Considering the usually accepted exclusion of C. thysanochila, C. mexicana and C. fertilis from Cranichis, the genus is clearly defined morphologically. Its representatives are easily distinguished from other cranichid orchids by the villous-hairy roots, the distinctly petiolate, suberect or arcuately spreading leaves, non-resupinate flowers, petals much narrower than sepals, and cochleate lip, often with conspicuously marked, coloured reticulate veins. The gynostemium of those plants is relatively massive, often swollen at the apex, without column-foot. The motile anther is oblong to ovate, 2-chambered and the inconspicuous caudiculae are formed from the apices of pollinia. The clinandrium is usually thick, massive, spacious. The single viscidium is thick and relatively small and the hamulus is usually elongate, finger-like, thick, directed towards the anther (Szlachetko and Rutkowski 2000).

Cranichis representatives grow as terrestrial or lithophytic plants in lowlands as well as in montane forest, usually in humus and Sphagnum tussocks. Some populations were reported as subepiphytic. The altitudinal range of the genus extends from 350 up to 3,000 m a.s.l. (Carnevali and Ramírez-Morillo 2003; Cribb 2003). Currently about 60 known species of the genus are distributed from Florida and Mexico to Bolivia and Argentina. In the Colombian orchid flora 19 species of the genus were found so far. Most of them, except C. muscosa and C. parvula, were reported from the submontane and montane regions of the country (Ortiz Valdivieso and Uribe Vélez 2007). Plants are common in the litter of the Andean forest and heath and shrubs of subparamo and paramo where they grow in damp and mossy areas. The national species were also reported from pastures and rocky slopes (Dueñas Gómez and Fernández Alonso 2009). The last comprehensive revision of Colombian Cranichis was conducted over 50 years ago (Schneider 1953). Despite the wide geographical range, the novelties within Cranichis are rather rare, the most recent description of new species comes from 2004 (Christenson 2004). Our research on Colombian representatives of the genus resulted in description of new entities (Szlachetko and Kolanowska 2013) from this country. We believe that the actual species diversity of Cranichis is underestimated and the studies on those small-flowered, terrestrial orchids should be intensified.

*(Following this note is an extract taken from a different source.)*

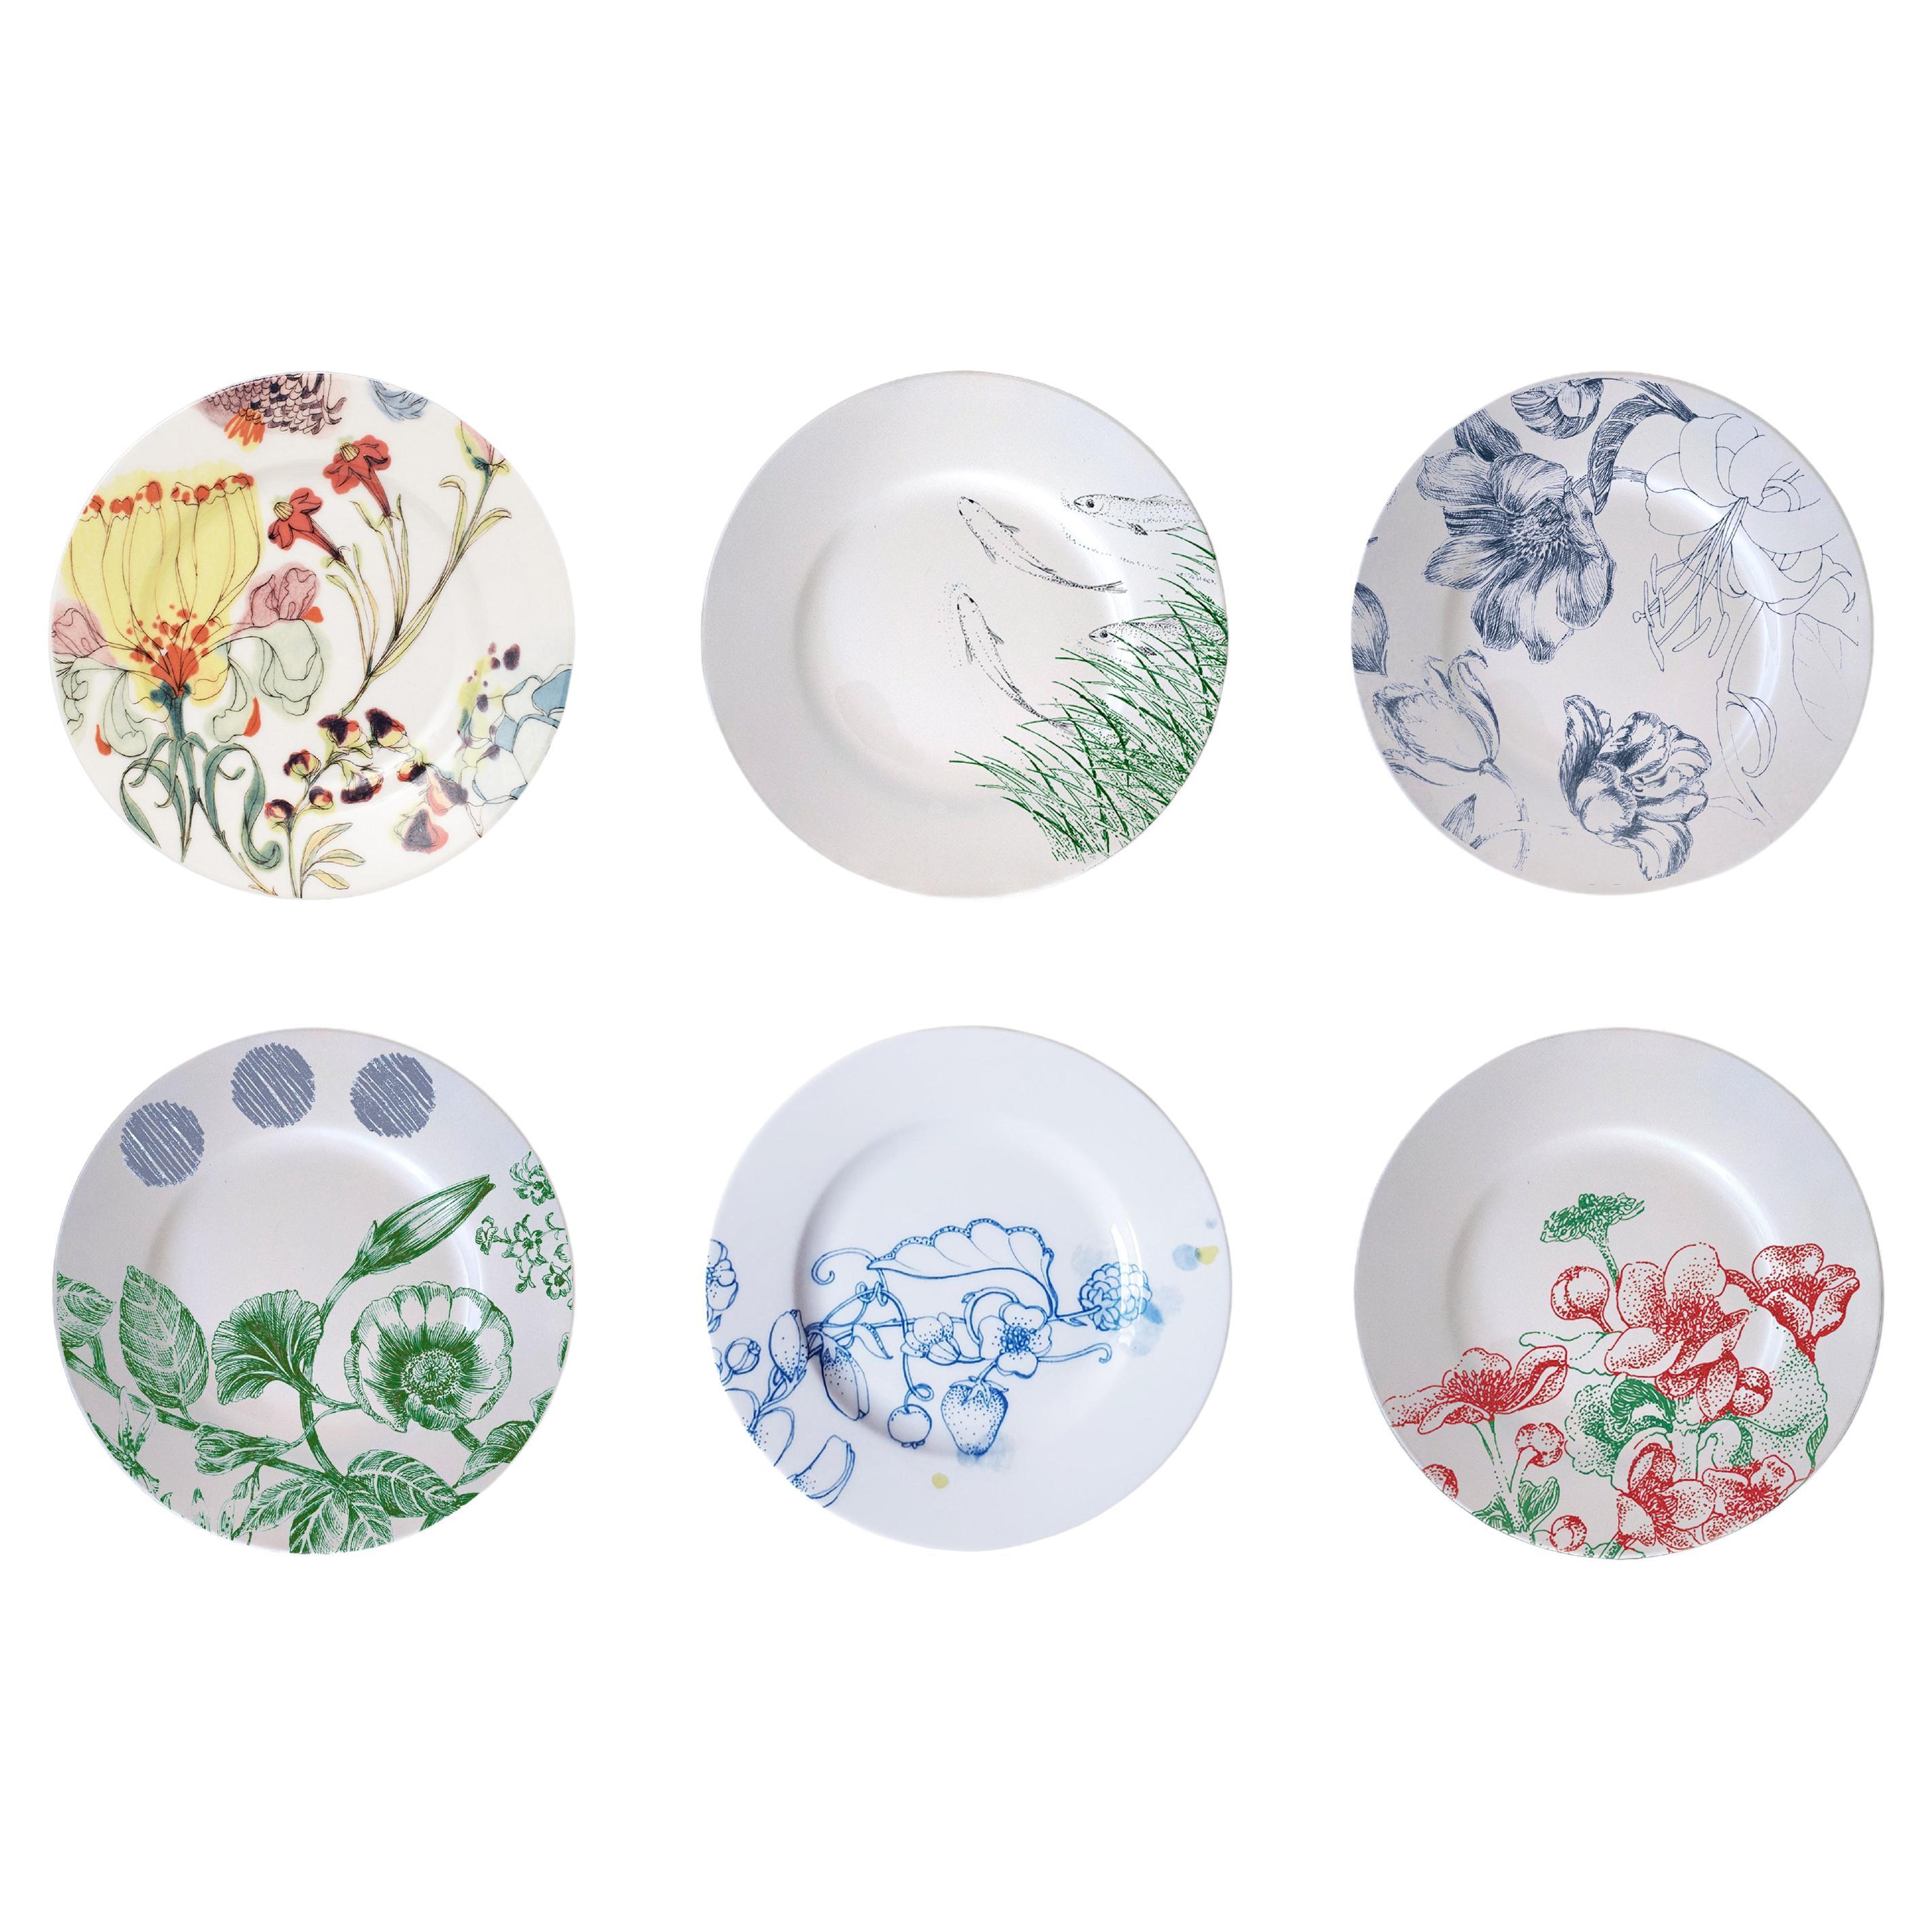 Mix & Match, Six Contemporary Porcelain Bread Plates with Multicolored Flowers

Key to Colombian species of Cranichis

1. Petals with long hairs or ciliae along the margins…….. C. wageneri (1)

1*. Petals without long hairs on the margins……. 2

2. Petals ciliate….. 3

2* Petals with entire or slightly erose margins, glabrous…… 12

3. Scape glabrous……… 4

3* Scape glandular or glandular-pubescent……….. 6

4. Petals from a short claw broadly oblanceolate to elliptic…. C. polyantha (2)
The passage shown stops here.